GIVEN RECORDS:
_____

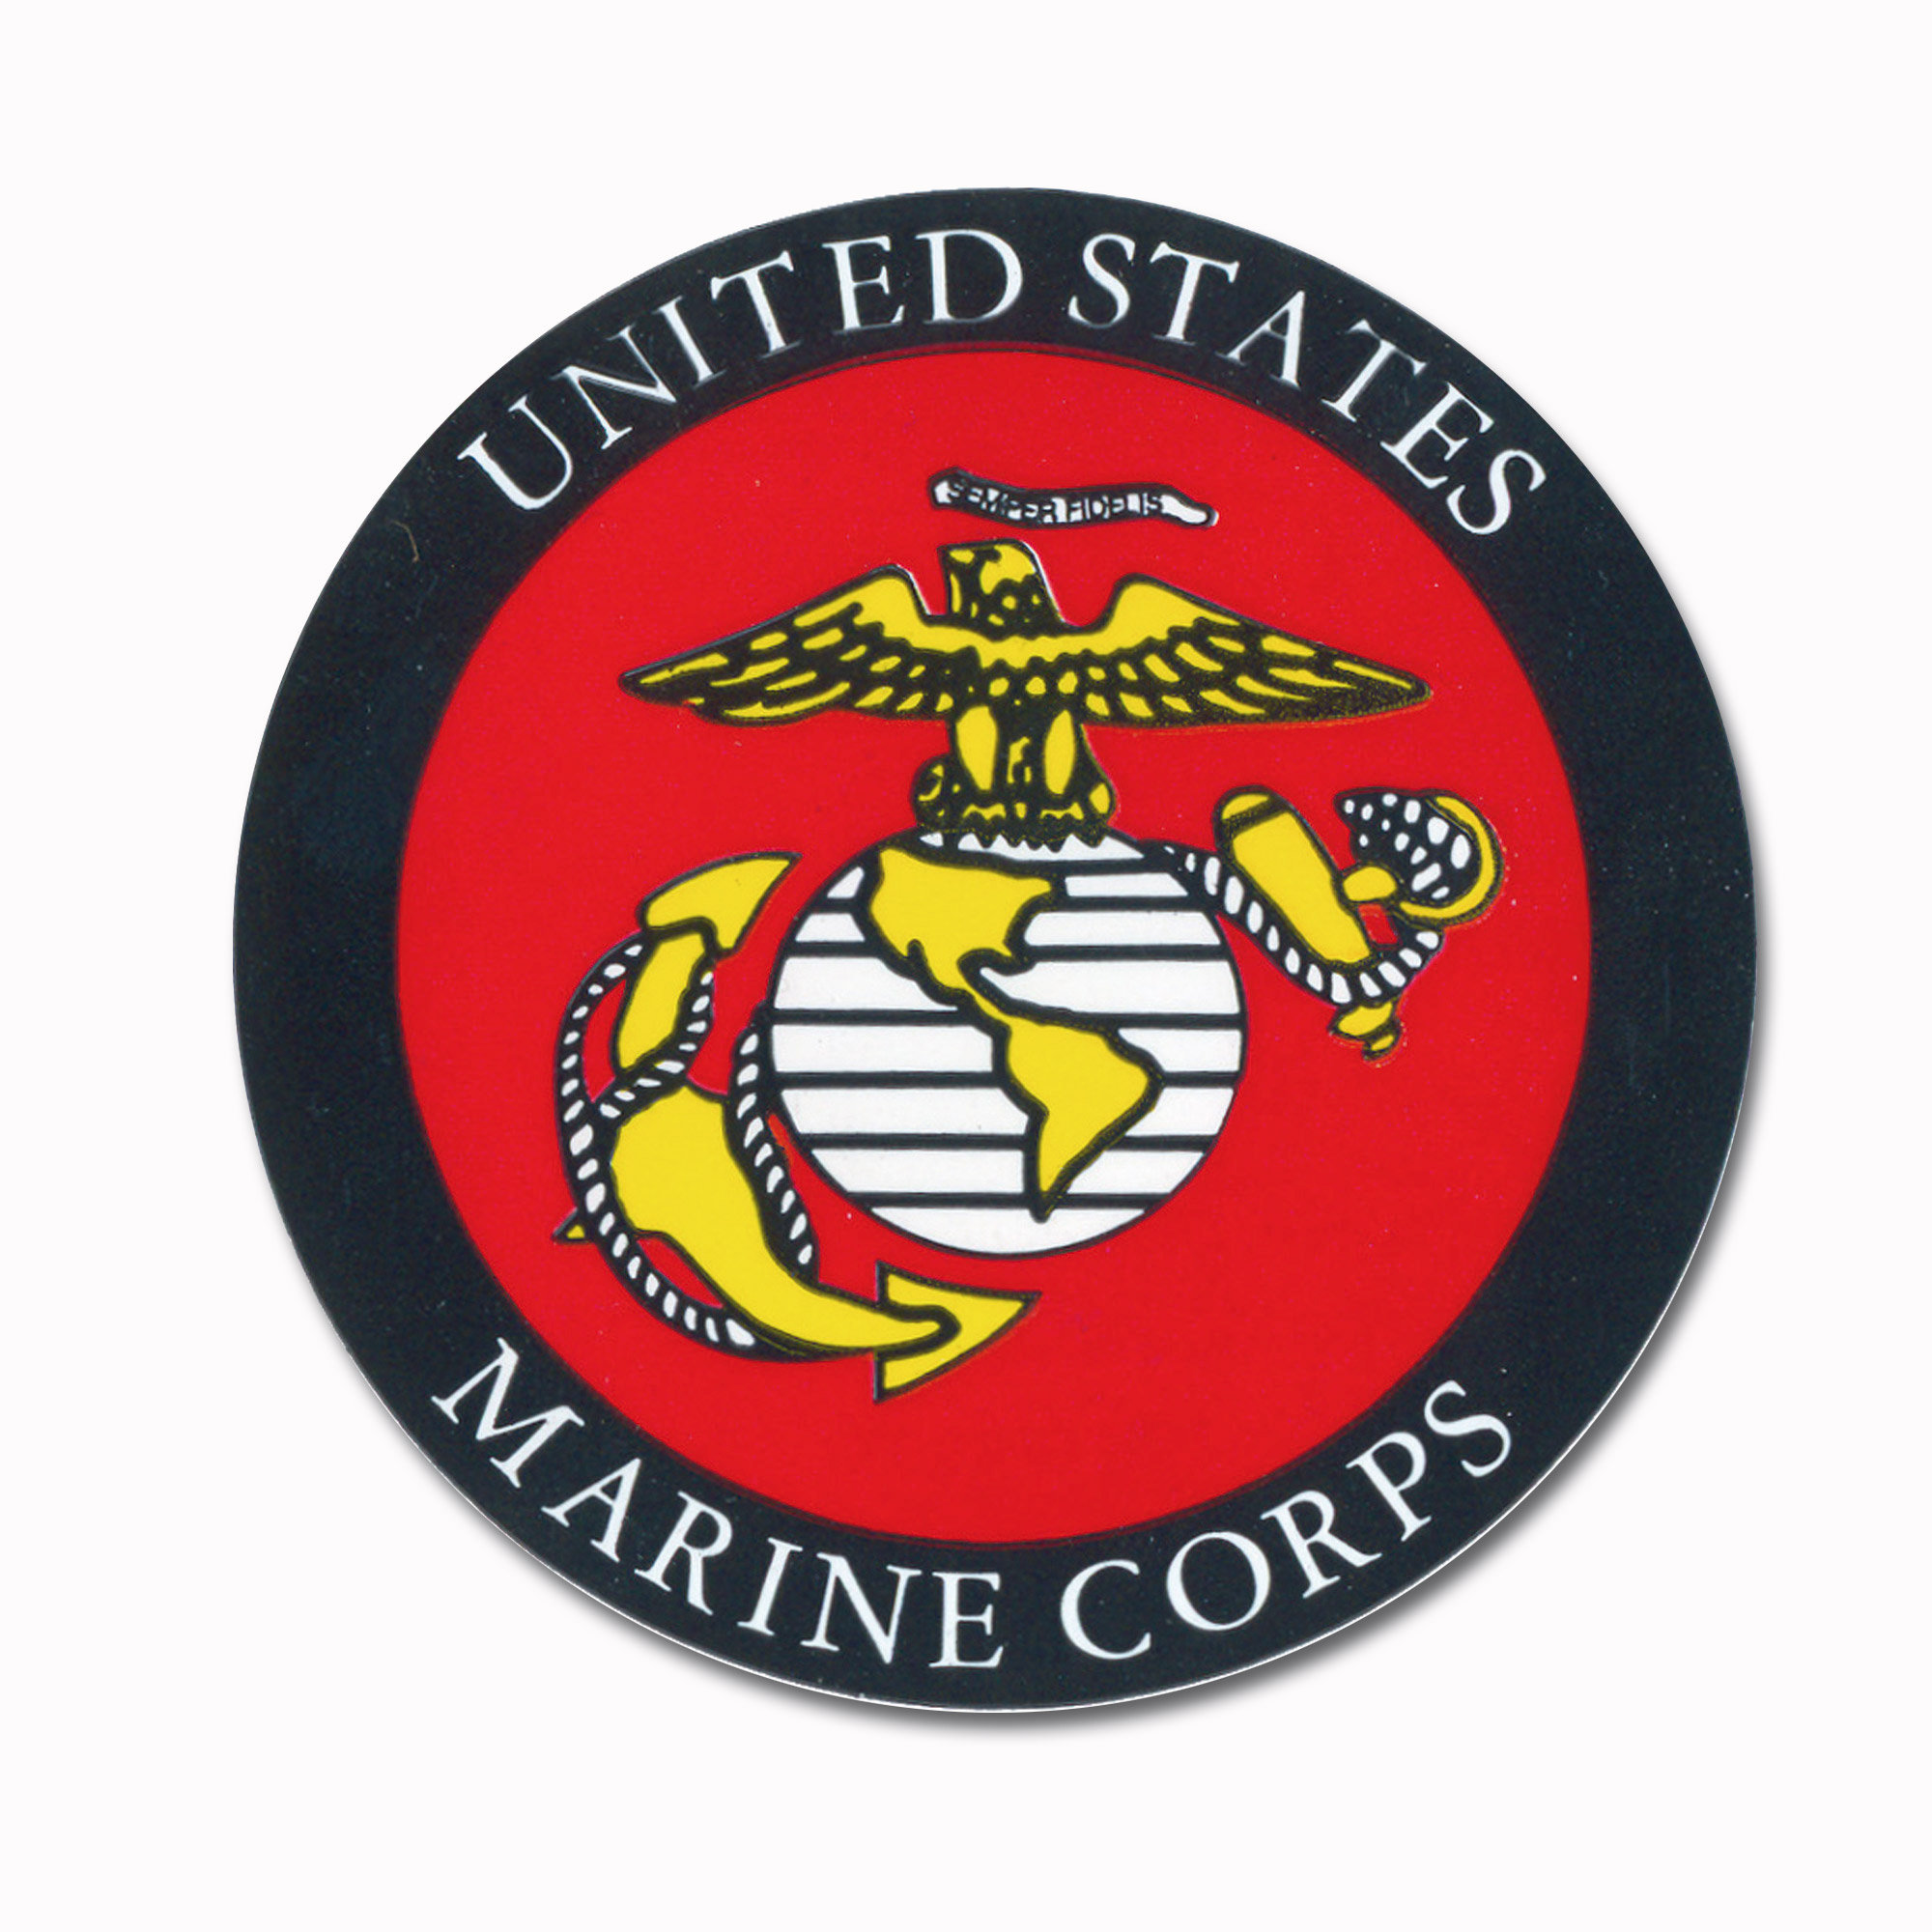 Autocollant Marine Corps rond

_____

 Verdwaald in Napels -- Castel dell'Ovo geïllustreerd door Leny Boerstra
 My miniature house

_____

WHAT TO DO: From the material above, set down exactly the lines starting at the one with "Verdwaald in Napels" and ending at the one with "My miniature house", end lines included.

ANSWER TO THIS TASK:
 Verdwaald in Napels -- Castel dell'Ovo geïllustreerd door Leny Boerstra
 My miniature house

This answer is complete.